The advanced metering infrastructure (AMI) initiatives of the past decade in the United States improved the two-way communications of meters installed at the service points (homes and offices). Utility operators who embraced the concept now have more real-time knowledge of energy usage within a home or business, and they get better granularity for billing purposes. They can make agreements with customers about charging for energy usage based on time-of-day, they predict demands through the grid, and potentially can control some appliances within the home to balance loads. However, there remain gaps in a standard method of how to deploy a communications network for the neighborhood as well as in how the utility can connect to more energy consumers within the home. Wi-Fi HaLow can bridge gaps for the upstream connectivity of these meters for the grid network, and simultaneously bridge the gaps in connectivity to the homeowner’s consumption devices.

A utility meter using Wi-Fi HaLow can reach further than 1 km (per FCC regulations in the USA). This simplifies the utility’s network in that it can use a star-oriented architecture. A single AP in a neighborhood could monitor thousands of homes. Wi-Fi HaLow also increases the security of the data transferred to and from each home by adopting Wi-Fi’s WPA3 levels of encryption. The Wi-Fi HaLow utility meter can negotiate sleep times with the AP to save power when communications are not required. Competing solutions based on Zigbee radio technology (whether 2.4 GHz or sub-1 GHz IEEE 802.15.4g Wi-SUN) rely on meshes of devices to relay the information back to a neighborhood’s utility gateway to get access to the IP network. As discussed earlier, such meshes incur delays and reduce the network’s total throughput for all the other nodes in the mesh. Some electric utility providers offer consumers lower rates during non-peak hours. Utilities can bargain with homeowners to monitor and control devices such as hot water heaters or electric vehicle chargers to defer usage until off-peak demand times.

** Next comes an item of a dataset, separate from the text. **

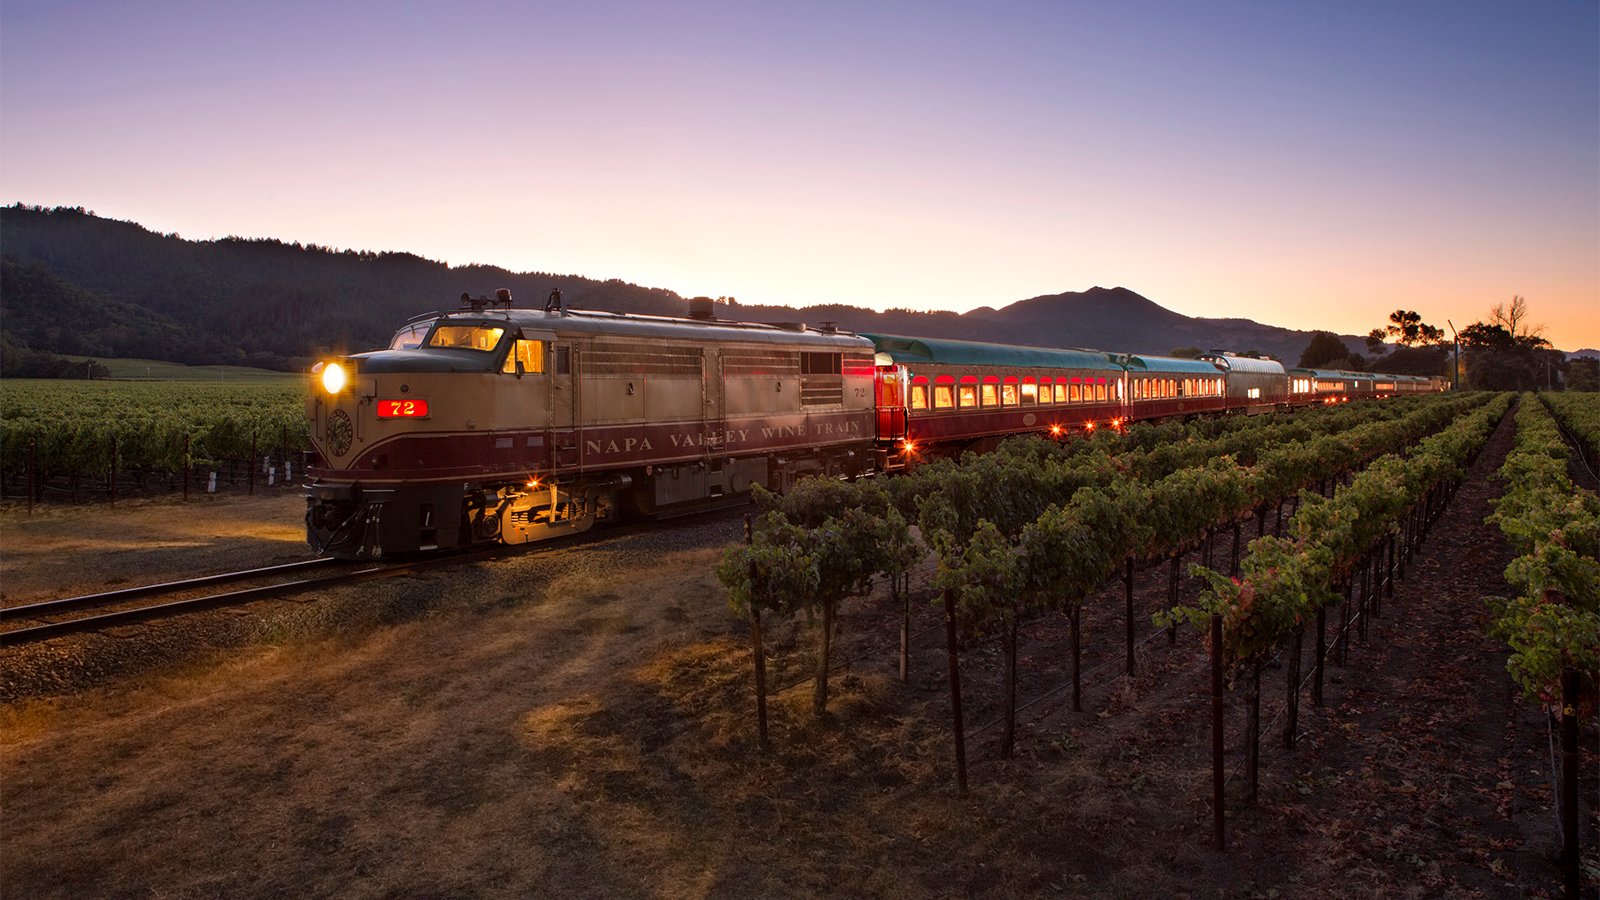 TheNapa Valley Wine Train

The distribution infrastructure that delivers electricity to homes and businesses can also benefit from using Wi-Fi HaLow connectivity. High-tension transmission lines leave the plant and start their journeys to the neighborhoods at very high voltages, on the order 10 kV. These lines pass through substations tasked with monitoring the health of the grid in smaller regions, typically transforming the primary to the 1 k volts range for the distribution network of primary and secondary wires that will eventually feed neighborhoods.  Substations may switch multiple primary sources and secondary loads to match the supply and demand for power. Supervisory Control and Data Acquisition (SCADA) systems rely on sensors to understand what is happening in the entire network in order to make decisions on how to manage the power grid.  The conditions measured at the substations are often used to infer what has caused a fault on the downstream lines which feed neighborhood transformers. By installing more sensors and providing more data with a finer granularity of the conditions in the secondary networks, including what is being experienced at each transformer in a neighborhood, the SCADA system can make better decisions on how to respond.  Wi-Fi HaLow’s > 1 km reach and high throughput can be used to aggregate sensor data both within the substations as well as within the neighborhood. Intelligent sensors on power line poles can help figure out where a branch has fallen onto the line or can report that a neighborhood transformer’s performance is below efficiency specifications. Proactive maintenance of elements in the grid can help save wasted power and improve reaction time to anomalies.

Clean Energy Systems

Solar

The cost per kilowatt of photovoltaic (PV) systems that convert sunlight to electricity has dropped dramatically over the past several decades. A large portion of the drop was due to increased efficiencies of the PV panels, the best of which now hover just below 25 percent. Another portion of the cost decrease was due to new innovations such as microinverters and optimizers that make the best use of energy from each individual panel. Fewer panels are required to produce the average power needed for a typical home than in the past. Monitoring systems that track the status of every individual panel on a building’s roof provide feedback for attaining the peak power for the installation. Some of these components may communicate through the power cables. A single internet connection is typically made via Ethernet, Wi-Fi, or cellular modem at the unit that combines the solar system with the home’s grid connection.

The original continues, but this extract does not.